In the following analysis, Margie provides specific examples of powerful dialogue, then explains WHY it’s amazing. What could be better?? Whether you’re a reader or a writer, I invite you to sit back and enjoy the magic of Margie…

p.s. Be sure to comment when you’re done – Margie is giving away a lecture packet to one of the commenters on today’s post!

Here's a Margie-Smile for you!

Lisa Unger’s, BLACK OUT
Analysis by Margie Lawson

 New York Times and international bestselling author, Lisa Unger, writes adrenaline-driven literary thrillers. Reviewers describe her writing as masterful, riveting, evocative. All three of Lisa Unger’s thrillers—BEAUTIFUL LIES (2006), A SLIVER OF TRUTH (2007), and BLACK OUT (2008)—garnered starred reviews from Publisher’s Weekly.

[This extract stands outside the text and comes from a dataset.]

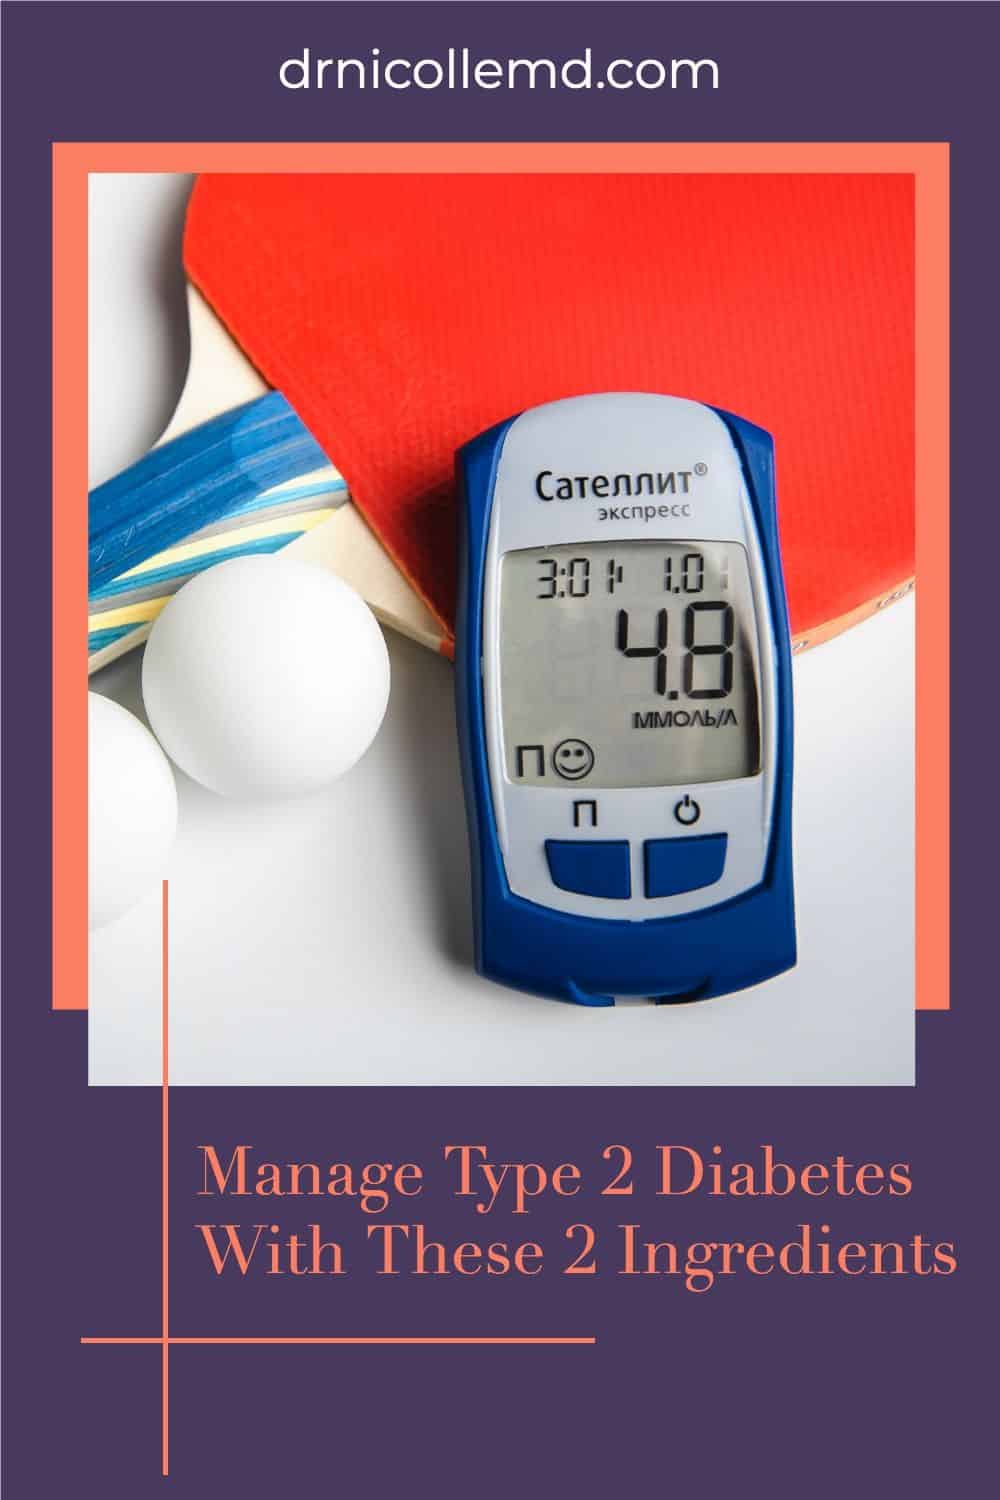 Scientists Discover 2 Ingredients That Help You Manage Type 2 Diabetes

Entertainment Weekly described BLACK OUT– “[A] hurricane of a thriller…impossible to extract yourself until the last page.”

Let’s dig into some examples from BLACK OUT that make Lisa Unger’s writing as powerful as a hurricane. (Dialogue is italicized below.)

EXAMPLE, Page 118:

My mother liked to drink. It was a mad dog she kept on a chain. When it got loose, it chewed through our lives.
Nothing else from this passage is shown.